A new poll from The Military Times finds approval for President Obama among our Armed Forces is taking a nose dive. As the Daily Caller’s Chuck Ross sums up his “Support Among the Military Craters.”

But it’s not because military members are overwhelmingly right-of center politically. The poll found that:

In the last nine years of the Military Times Poll, the percentage of respondents who consider themselves Republican has slowly dropped, from nearly half of those surveyed in the late 2000s to just 32 percent this year. Increasingly, readers are more likely to describe themselves as libertarian (7 percent) or independent (28 percent).

In spite of the seemingly popularity of changing social norms in the military, including inclusiveness toward women and those who are openly homosexual:

The long-term effects of Obama's social policies on the military remain unknown.

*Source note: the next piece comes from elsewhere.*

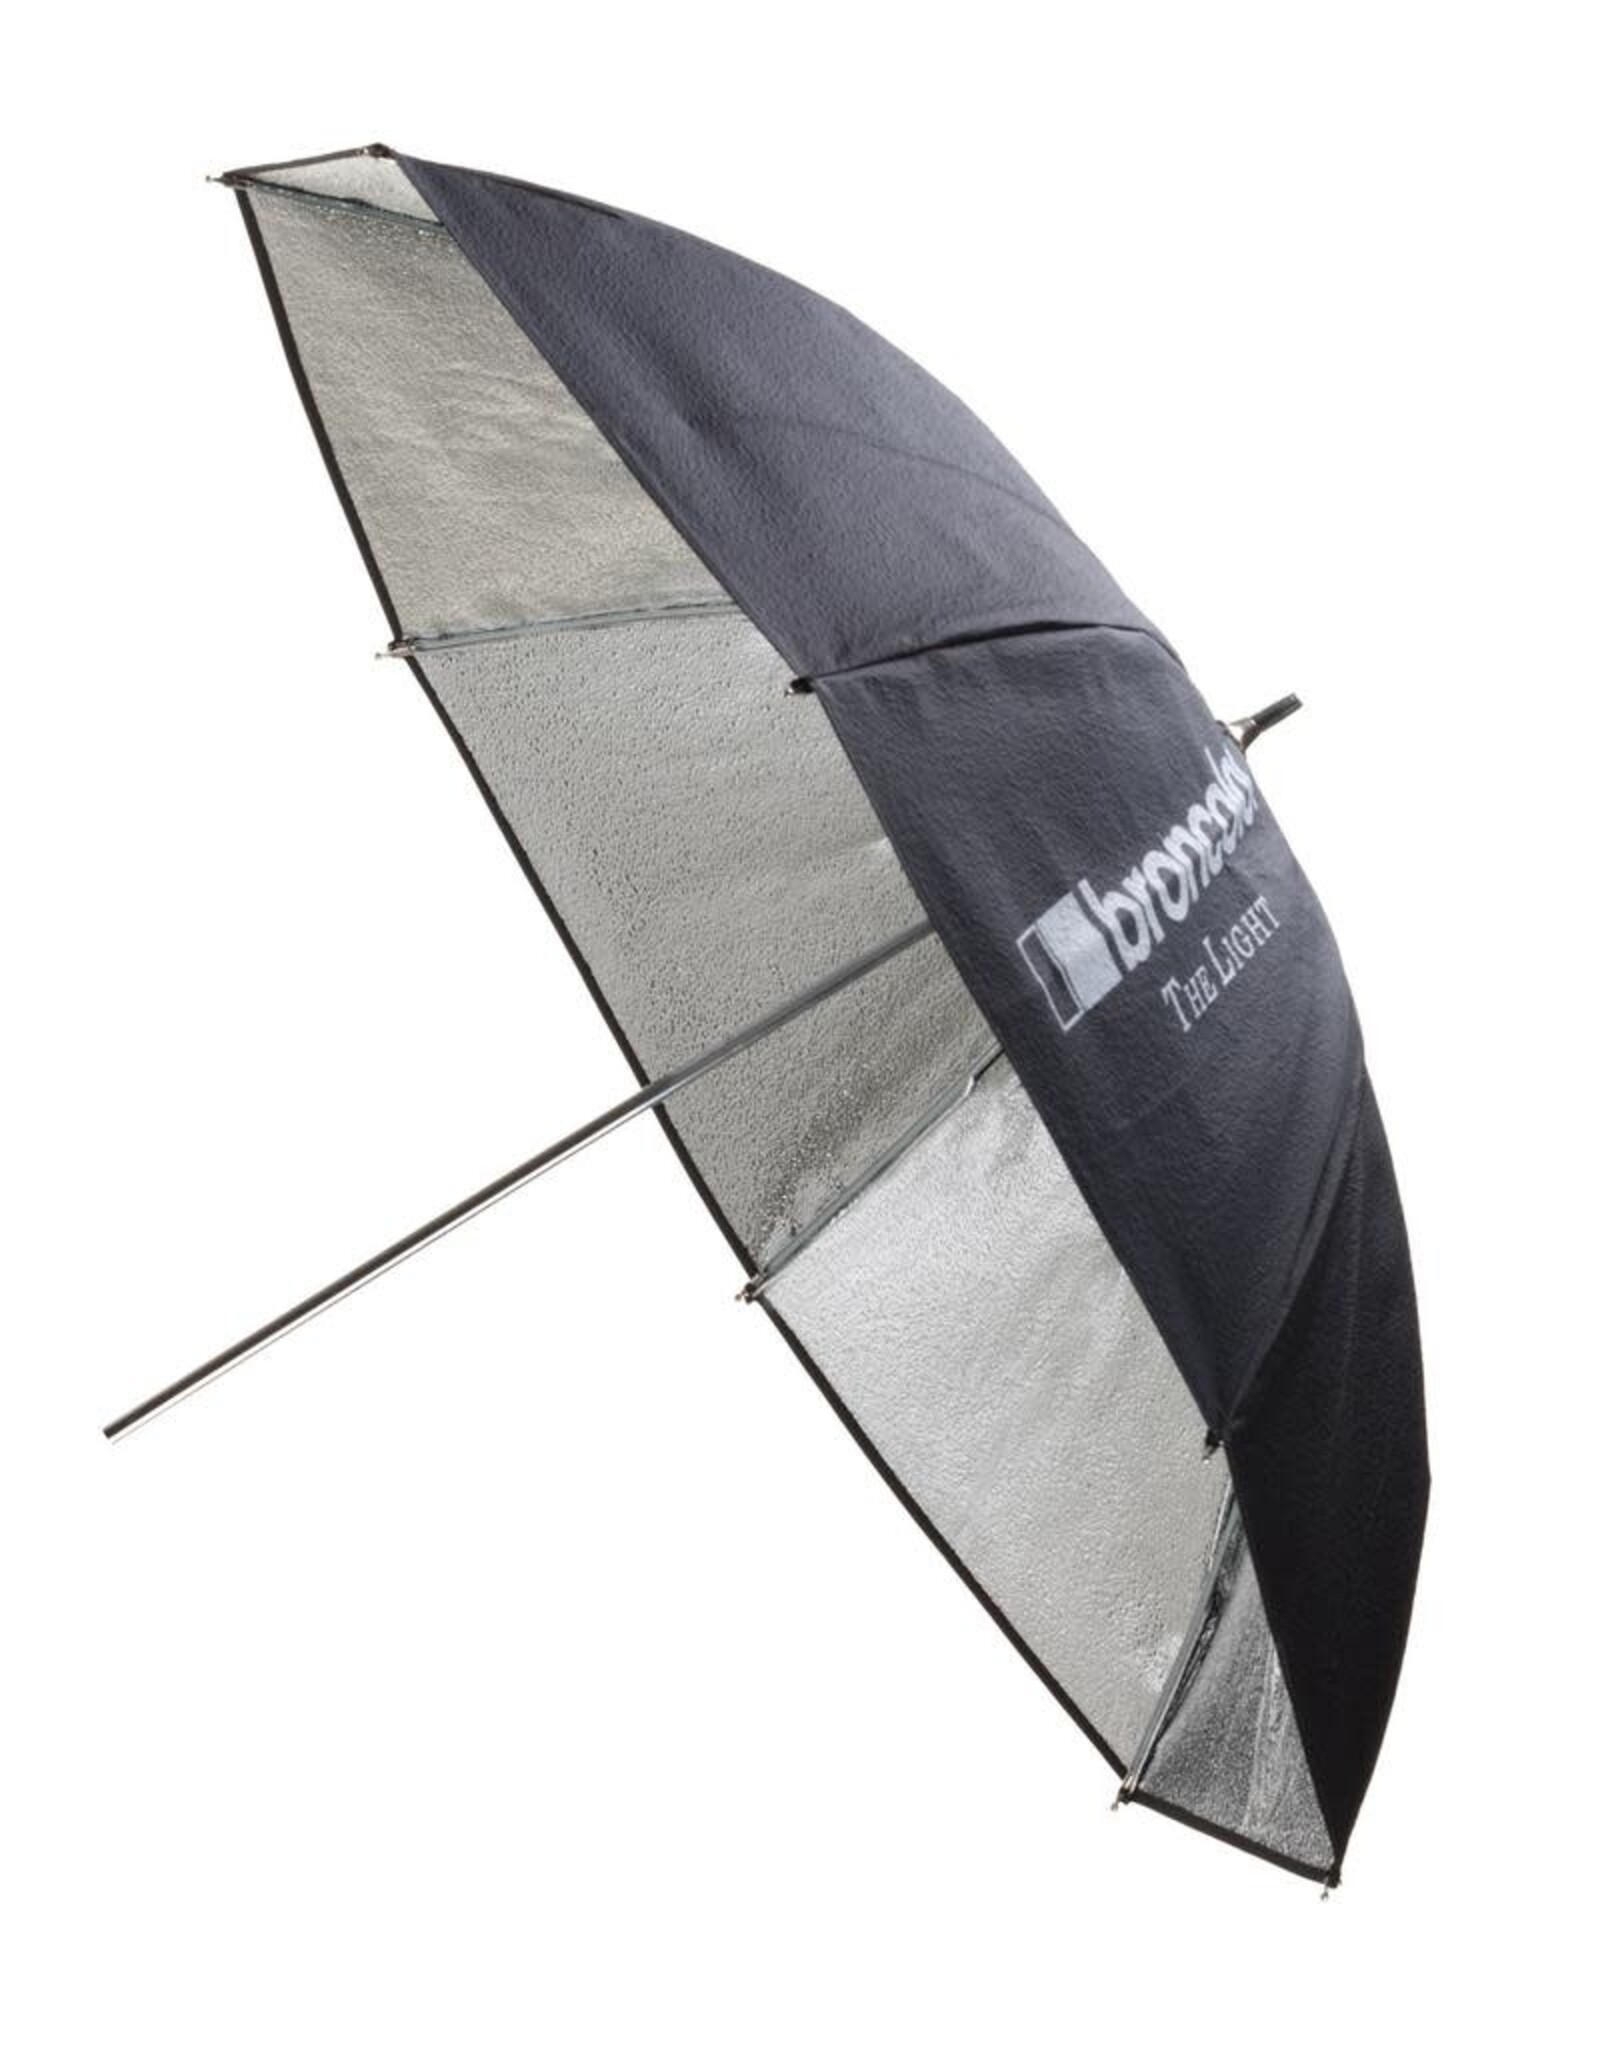 Broncolor Broncolor Umbrella Silver/Black 85cm (34in)

But one thing is clear: He is a deeper [sic] unpopular commander in chief among the troops.

According to a Military Times survey of almost 2,300 active-duty service members, Obama's popularity — never high to begin with — has crumbled, falling from 35 percent in 2009 to just 15 percent this year, while his disapproval ratings have increased to 55 percent from 40 percent over that time.

Overall, respondents are fed up with Washington politics, in particular the widespread perception that elected officials don’t care about the effects their policies have on them, including paltry pay raises:

Indeed, Congress just approved, at the request of the Pentagon and the White House, a 1 percent basic pay raise the for the troops next year — the second straight year of such a raise, constituting the two smallest annual increases in the 41-year history of the all-volunteer force. And for icing on the cake, they also approved a cut in housing allowance rates for troops who live off base.

As the poll concludes:

The last time the Pentagon and Congress allowed the value of military compensation to erode significantly, troops responded with their feet, creating a major recruiting and retention crisis in the late 1990s that took years to reverse.

In this latest postwar era — even as new threats spark around the world — the nation simply cannot afford to watch its military get taken over that cliff again. And with all that's asked of it, America's military certainly deserves better.